RAW DATA:
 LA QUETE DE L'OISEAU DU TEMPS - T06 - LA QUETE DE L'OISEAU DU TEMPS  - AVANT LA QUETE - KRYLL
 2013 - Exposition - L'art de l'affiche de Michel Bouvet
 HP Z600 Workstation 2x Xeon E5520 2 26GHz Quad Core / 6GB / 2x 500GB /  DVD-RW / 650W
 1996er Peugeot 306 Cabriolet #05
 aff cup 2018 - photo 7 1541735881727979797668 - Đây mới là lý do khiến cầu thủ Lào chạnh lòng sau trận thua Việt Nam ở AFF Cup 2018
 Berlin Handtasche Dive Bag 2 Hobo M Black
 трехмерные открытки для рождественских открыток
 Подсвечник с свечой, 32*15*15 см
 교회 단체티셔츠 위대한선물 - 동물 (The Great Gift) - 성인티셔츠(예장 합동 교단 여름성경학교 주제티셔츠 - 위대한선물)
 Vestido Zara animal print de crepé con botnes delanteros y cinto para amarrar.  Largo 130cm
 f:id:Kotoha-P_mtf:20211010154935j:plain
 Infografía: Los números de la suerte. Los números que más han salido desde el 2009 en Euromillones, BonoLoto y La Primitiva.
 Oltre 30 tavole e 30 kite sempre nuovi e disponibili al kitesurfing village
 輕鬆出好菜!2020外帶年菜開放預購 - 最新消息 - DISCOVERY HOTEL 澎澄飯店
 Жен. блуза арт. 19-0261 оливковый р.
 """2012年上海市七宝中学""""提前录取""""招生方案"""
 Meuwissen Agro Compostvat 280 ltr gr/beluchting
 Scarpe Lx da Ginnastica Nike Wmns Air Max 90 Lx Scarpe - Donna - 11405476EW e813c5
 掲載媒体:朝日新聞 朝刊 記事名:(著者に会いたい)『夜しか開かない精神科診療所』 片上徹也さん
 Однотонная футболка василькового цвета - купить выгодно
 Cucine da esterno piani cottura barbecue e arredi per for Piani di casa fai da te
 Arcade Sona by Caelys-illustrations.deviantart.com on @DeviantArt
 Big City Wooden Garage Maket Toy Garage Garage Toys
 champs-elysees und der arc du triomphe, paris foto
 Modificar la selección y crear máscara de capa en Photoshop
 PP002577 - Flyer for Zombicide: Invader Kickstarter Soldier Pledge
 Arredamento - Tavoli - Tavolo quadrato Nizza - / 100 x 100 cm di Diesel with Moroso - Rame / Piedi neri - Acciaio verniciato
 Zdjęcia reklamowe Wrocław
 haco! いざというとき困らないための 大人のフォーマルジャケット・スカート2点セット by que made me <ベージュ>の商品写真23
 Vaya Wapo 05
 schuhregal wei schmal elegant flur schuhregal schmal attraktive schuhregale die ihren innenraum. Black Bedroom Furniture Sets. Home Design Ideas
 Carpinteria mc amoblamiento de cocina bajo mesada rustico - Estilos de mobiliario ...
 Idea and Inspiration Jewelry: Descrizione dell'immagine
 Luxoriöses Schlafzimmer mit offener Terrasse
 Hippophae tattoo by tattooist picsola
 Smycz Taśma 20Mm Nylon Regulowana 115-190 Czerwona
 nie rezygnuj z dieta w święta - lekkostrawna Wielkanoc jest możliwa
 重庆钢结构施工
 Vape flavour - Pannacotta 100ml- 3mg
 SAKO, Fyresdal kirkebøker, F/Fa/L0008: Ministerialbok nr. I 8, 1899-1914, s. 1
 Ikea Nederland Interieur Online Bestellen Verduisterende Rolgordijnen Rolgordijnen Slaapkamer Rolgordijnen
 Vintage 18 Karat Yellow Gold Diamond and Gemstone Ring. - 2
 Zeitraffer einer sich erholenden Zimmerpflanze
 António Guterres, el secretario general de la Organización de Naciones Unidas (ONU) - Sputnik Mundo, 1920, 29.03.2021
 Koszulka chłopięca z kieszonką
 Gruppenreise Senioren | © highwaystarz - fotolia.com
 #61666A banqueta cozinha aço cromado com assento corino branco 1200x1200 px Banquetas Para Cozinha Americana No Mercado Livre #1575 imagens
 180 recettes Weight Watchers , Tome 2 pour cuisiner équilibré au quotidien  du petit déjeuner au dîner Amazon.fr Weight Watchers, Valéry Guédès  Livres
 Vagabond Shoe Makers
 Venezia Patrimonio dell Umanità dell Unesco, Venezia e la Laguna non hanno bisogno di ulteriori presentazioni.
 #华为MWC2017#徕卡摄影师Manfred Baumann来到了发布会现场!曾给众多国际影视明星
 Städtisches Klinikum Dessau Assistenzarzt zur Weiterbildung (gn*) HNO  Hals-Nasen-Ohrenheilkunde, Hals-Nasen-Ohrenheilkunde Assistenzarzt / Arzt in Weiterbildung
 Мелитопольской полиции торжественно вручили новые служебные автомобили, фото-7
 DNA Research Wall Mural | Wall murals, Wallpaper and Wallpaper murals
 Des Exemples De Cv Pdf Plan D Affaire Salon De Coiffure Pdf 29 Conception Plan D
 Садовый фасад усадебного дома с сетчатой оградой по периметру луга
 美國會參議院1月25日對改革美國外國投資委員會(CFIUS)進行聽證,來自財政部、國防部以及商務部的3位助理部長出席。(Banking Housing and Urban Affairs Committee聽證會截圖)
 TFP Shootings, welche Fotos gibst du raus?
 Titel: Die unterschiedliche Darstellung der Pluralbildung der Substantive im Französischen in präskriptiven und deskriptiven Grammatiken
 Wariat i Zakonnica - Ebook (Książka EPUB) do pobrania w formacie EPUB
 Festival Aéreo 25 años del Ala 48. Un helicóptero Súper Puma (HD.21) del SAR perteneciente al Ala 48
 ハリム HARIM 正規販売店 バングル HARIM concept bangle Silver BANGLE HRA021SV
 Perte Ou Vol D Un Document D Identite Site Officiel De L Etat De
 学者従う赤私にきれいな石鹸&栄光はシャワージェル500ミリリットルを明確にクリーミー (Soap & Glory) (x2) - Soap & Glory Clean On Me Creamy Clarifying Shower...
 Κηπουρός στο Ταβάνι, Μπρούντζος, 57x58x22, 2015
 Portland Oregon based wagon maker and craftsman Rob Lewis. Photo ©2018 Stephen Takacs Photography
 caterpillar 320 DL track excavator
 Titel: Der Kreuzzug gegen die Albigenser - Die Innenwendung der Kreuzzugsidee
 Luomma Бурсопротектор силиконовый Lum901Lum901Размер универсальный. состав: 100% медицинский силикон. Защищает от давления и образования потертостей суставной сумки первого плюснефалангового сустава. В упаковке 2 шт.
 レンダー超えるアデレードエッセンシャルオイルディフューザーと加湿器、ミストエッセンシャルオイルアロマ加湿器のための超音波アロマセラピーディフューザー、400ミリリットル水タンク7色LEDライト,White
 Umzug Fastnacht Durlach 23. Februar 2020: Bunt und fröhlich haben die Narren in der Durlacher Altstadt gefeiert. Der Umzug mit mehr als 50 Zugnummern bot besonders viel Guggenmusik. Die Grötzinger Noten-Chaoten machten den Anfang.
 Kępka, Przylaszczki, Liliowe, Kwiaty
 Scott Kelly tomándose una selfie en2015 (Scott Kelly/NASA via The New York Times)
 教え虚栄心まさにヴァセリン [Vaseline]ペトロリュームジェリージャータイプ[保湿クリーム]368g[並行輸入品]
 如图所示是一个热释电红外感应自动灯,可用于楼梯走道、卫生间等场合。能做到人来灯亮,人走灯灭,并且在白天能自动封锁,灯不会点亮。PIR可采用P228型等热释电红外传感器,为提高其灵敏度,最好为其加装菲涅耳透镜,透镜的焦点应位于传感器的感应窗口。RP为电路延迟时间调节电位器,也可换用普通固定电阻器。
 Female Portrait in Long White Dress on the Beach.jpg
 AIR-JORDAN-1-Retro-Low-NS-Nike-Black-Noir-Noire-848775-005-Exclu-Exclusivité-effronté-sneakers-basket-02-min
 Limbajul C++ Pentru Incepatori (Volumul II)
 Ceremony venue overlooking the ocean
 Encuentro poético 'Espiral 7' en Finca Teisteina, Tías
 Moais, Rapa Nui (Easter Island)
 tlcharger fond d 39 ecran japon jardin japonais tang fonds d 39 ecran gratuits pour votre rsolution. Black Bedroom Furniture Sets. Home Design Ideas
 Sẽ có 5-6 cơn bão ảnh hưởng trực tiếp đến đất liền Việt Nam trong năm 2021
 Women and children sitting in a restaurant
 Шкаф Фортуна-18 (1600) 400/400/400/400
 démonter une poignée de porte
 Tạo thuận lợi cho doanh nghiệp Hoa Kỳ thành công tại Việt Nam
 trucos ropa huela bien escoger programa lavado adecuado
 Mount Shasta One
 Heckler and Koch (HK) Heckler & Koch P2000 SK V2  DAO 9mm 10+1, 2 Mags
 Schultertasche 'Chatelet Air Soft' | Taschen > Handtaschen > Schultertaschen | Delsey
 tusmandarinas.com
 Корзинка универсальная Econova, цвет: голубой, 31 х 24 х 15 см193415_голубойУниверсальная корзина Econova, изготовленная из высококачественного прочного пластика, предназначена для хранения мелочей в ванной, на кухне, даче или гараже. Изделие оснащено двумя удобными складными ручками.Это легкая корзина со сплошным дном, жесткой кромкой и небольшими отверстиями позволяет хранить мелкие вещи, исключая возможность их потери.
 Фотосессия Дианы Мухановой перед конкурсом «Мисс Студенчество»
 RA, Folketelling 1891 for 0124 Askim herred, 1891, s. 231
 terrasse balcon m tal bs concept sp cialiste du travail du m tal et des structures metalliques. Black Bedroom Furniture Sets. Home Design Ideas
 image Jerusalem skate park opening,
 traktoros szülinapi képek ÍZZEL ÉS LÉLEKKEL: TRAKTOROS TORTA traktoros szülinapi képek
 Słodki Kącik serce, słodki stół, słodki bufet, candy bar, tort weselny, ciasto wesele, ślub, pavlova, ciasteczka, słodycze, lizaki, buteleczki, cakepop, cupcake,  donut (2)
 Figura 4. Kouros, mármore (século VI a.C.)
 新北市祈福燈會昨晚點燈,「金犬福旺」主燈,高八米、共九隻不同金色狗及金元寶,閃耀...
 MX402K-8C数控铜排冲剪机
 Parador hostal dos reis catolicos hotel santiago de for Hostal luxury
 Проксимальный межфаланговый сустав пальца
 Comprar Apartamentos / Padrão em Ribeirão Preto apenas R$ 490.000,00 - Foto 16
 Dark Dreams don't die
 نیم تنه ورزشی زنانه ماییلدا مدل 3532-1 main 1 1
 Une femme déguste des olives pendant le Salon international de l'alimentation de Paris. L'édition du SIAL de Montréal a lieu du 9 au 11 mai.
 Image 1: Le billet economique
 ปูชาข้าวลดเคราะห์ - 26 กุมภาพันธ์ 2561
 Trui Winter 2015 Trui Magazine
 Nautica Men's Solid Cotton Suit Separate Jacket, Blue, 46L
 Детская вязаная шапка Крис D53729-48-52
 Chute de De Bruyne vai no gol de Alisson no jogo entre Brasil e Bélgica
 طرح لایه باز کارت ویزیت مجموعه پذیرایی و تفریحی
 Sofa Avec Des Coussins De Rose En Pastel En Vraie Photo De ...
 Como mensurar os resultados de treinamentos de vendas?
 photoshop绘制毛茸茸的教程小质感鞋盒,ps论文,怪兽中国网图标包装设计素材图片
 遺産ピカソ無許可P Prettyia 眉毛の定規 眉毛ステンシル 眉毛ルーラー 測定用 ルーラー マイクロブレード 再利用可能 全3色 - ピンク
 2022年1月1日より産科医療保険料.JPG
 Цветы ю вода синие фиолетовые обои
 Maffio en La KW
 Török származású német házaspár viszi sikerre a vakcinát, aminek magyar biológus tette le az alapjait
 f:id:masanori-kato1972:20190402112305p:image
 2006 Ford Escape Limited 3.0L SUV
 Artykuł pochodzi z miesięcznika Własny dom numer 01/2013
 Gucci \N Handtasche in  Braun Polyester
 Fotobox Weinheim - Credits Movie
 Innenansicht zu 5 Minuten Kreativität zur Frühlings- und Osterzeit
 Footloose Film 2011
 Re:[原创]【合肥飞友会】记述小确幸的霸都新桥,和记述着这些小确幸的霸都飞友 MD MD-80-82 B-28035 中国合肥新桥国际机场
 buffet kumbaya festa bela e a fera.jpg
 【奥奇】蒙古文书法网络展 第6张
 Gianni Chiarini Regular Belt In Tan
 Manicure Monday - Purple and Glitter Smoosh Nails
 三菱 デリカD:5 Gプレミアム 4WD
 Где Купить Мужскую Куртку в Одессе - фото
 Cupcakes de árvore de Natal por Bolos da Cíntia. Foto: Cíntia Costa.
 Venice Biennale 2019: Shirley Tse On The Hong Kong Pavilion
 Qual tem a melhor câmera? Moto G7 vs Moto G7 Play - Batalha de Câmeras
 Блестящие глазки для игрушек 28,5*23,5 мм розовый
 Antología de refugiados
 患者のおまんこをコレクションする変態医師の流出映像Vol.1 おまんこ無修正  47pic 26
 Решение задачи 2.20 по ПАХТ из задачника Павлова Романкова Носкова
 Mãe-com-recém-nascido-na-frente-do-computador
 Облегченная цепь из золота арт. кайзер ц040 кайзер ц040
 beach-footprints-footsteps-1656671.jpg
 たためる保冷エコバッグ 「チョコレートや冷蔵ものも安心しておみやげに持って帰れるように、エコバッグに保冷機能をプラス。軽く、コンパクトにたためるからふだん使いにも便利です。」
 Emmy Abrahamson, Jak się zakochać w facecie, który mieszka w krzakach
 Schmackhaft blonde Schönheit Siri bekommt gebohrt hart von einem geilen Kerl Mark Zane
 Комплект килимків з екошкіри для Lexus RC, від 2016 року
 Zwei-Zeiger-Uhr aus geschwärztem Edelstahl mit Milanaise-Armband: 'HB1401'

ABOUT THIS TASK: Once the line with "champs-elysees und der" is found in the records above, print exactly that line and every line after it through the line with "Vaya Wapo 05".

EXERCISE OUTPUT:
 champs-elysees und der arc du triomphe, paris foto
 Modificar la selección y crear máscara de capa en Photoshop
 PP002577 - Flyer for Zombicide: Invader Kickstarter Soldier Pledge
 Arredamento - Tavoli - Tavolo quadrato Nizza - / 100 x 100 cm di Diesel with Moroso - Rame / Piedi neri - Acciaio verniciato
 Zdjęcia reklamowe Wrocław
 haco! いざというとき困らないための 大人のフォーマルジャケット・スカート2点セット by que made me <ベージュ>の商品写真23
 Vaya Wapo 05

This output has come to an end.